Here, the detective who retrieved the surveillance videos testified that, during his investigation, he had personally watched the videos to determine whether they were relevant to the investigation and had downloaded each relevant video onto a thumb drive. The detective confirmed that the videos proffered at trial were in the same or substantially same condition as they were when they were downloaded. Additionally, the victim testified that the videos accurately depicted the events of the shooting.

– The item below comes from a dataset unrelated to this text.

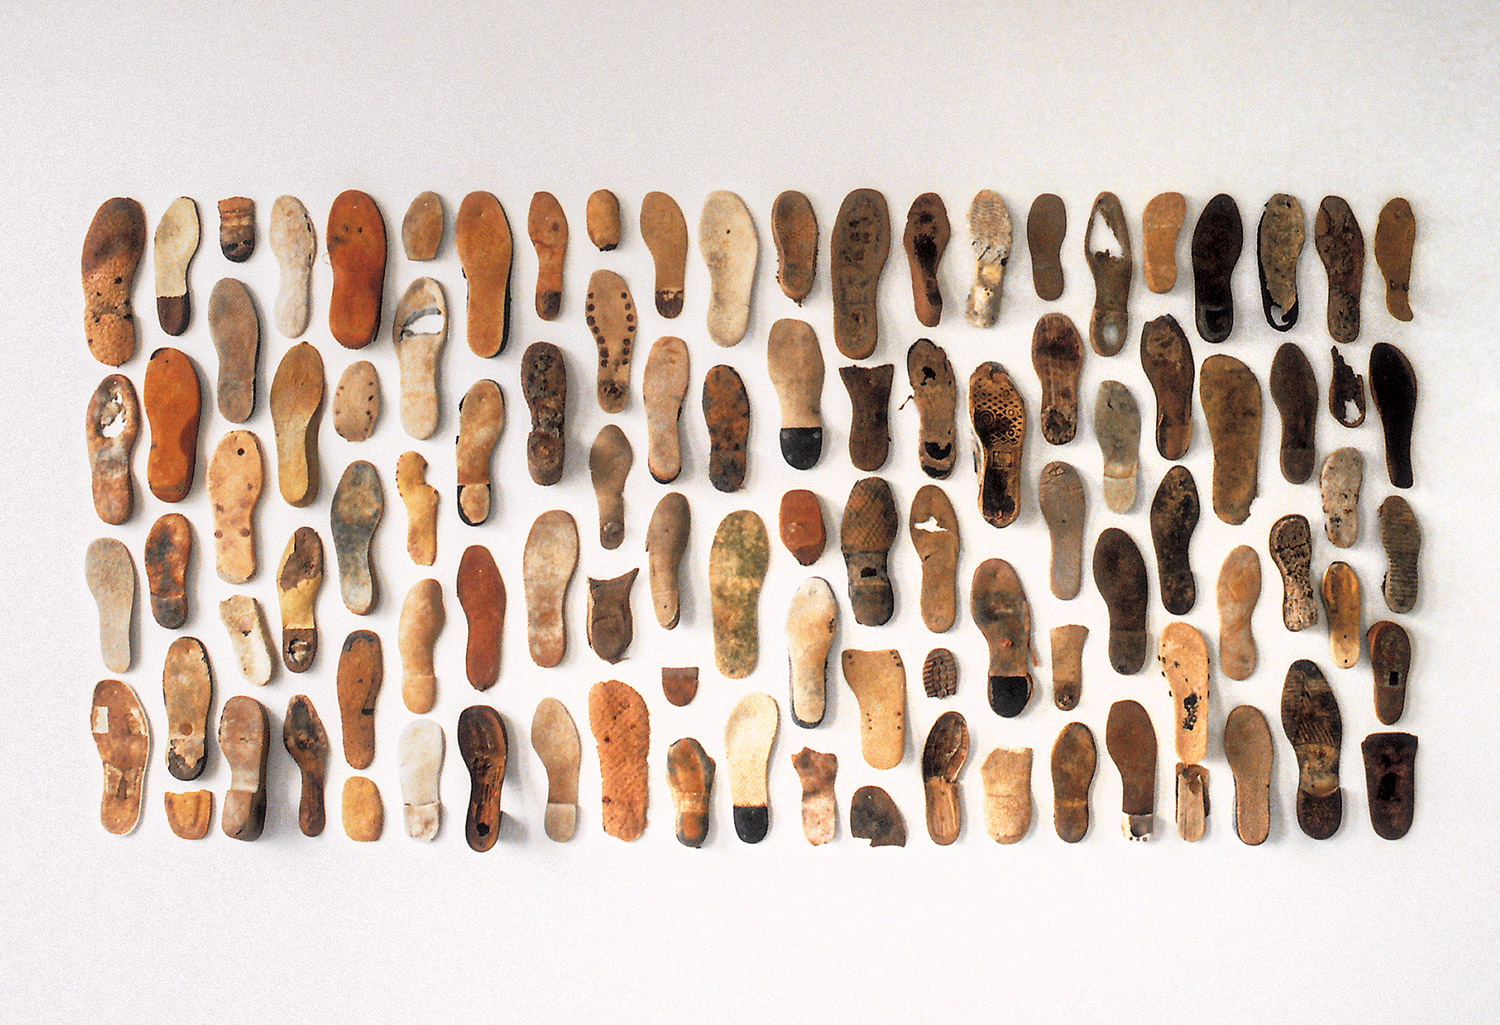 SOULS | 2,50 m x 1,20 m | shoe soles found at the beach in Italy and Greece  | Work by Sven Rünger & Ebi de Boer | Galerie Herold / Bremen | 1999

Under the circumstances, the Supreme Court properly admitted the videos (see Keene v Rosas, 215 A.D.3d at 939; People v Taylor, 203 A.D.3d 1081, 1082; People v Grant, 170 A.D.3d 888, 890).
The defendant additionally contends that he was deprived of a fair trial because the Supreme Court prevented defense counsel from making certain comments during his closing argument and admonished defense counsel in front of the jury during certain points in the trial. "'A closing argument is a basic element of a defense in a criminal trial'" (People v Aponte, 204 A.D.3d 1031, 1034, quoting People v Reina, 94 A.D.2d 727, 728; see People v Kennedy, 177 A.D.3d 628, 630). "'The right of the defense to make an effective closing argument is substantially impaired when counsel is unjustifiably limited or repeatedly interrupted while making appropriate comment on matters of evidence adduced at trial'" (People v Aponte, 204 A.D.3d at 1034, quoting People v Reina, 94 A.D.3d at 728; see People v Gibian, 76 A.D.3d 583, 588). Moreover, "while a trial judge may intervene in a trial to... facilitate the orderly and expeditious progress of the trial, the court may not take on 'the function or appearance of an advocate'" (People v Mitchell, 184 A.D.3d 875, 876, quoting People v Arnold, 98 N.Y.2d 63, 67).

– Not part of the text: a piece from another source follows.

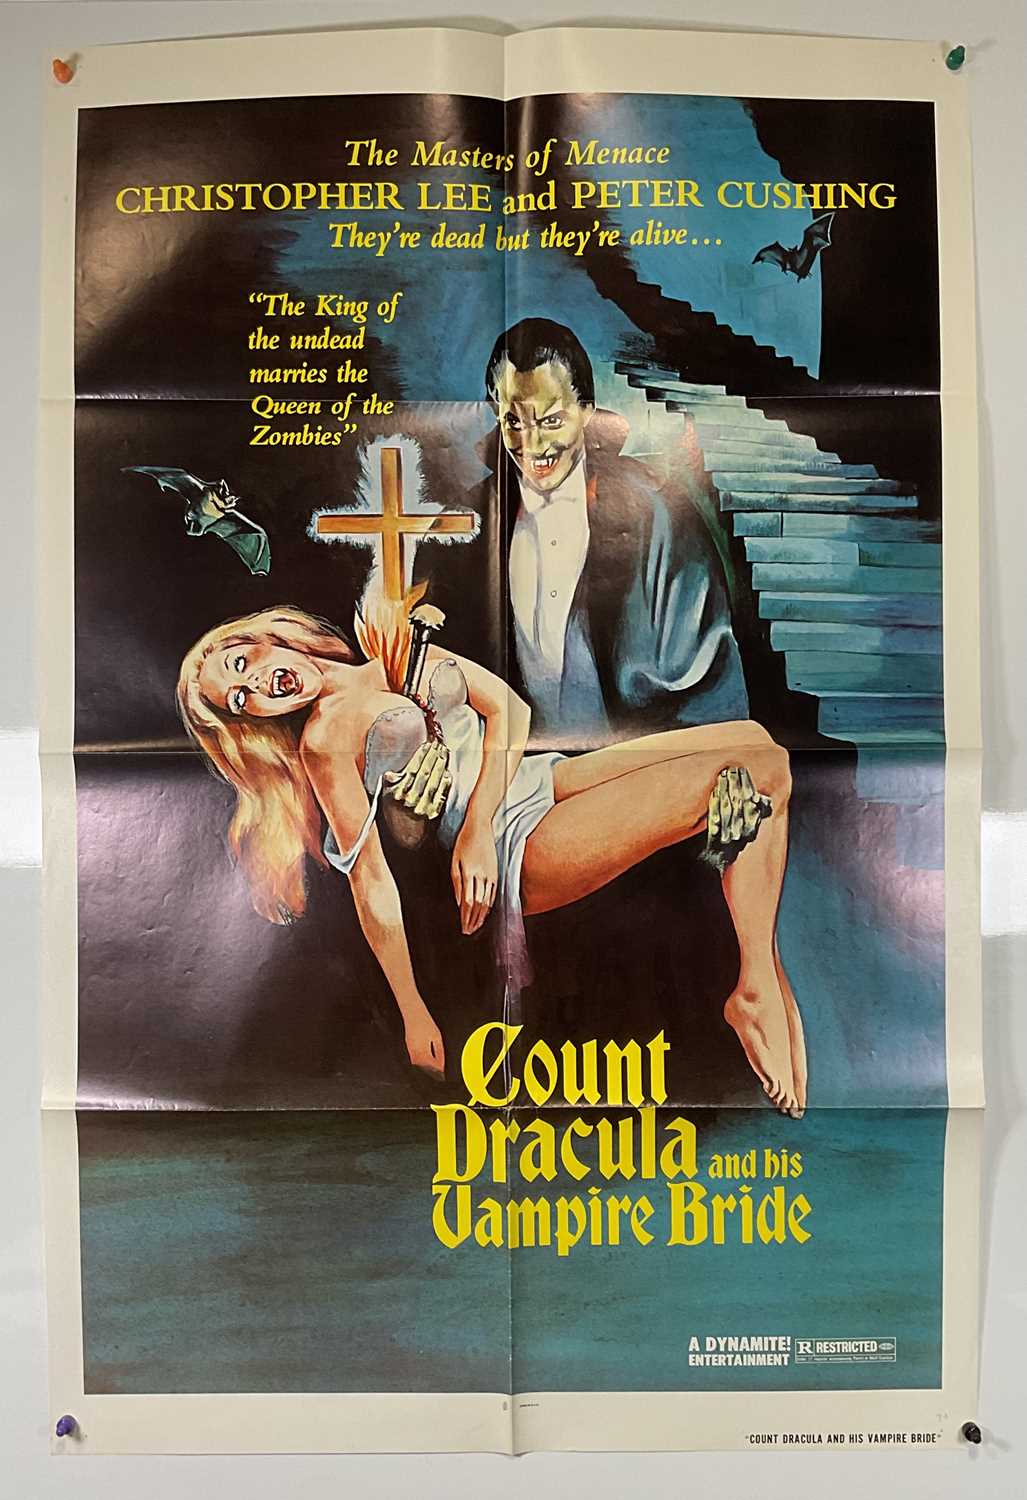 COUNT DRACULA AND HIS VAMPIRE BRIDE (1978) US one sheet movie poster, released in the UK

Here, the Supreme Court providently exercised its discretion when it precluded the defendant from making certain arguments during summation, as those arguments were either speculative or not supported by evidence in the record (see People v Kennedy, 177 A.D.3d at 630; People v Alicea, 159 A.D.3d 532, 533). Additionally, the court's admonishments of defense counsel in front of the jury did not give the appearance of partiality and were justified by defense counsel's misconduct during the trial, including his repeated lateness to court and his persistent disregard of the court's evidentiary rulings (see People v Martin, 33 A.D.3d 1024, 1025; People v Cuba, 154 A.D.2d 703, 704).

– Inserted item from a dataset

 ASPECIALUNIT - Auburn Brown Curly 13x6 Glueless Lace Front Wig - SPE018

Contrary to the defendant's further contention, the admission of evidence at trial regarding two out-of-court photo array identifications did not deprive him of a fair trial since defense counsel opened the door to the admission of such evidence during his opening statement. Admission of the photo arrays was warranted to correct the misimpression created during defense counsel's opening statement that no witness had identified the defendant (see People v Stuart, 137 A.D.3d 1171, 1172; People v Weathers, 124 A.D.3d 702, 703; People v Vasquez, 33 A.D.3d 636, 637).
The sentence imposed was not excessive (see People v Suitte, 90 A.D.2d 80).
The defendant's remaining contentions are without merit.
IANNACCI, J.P., MALTESE, WAN and MCCORMACK, JJ., concur.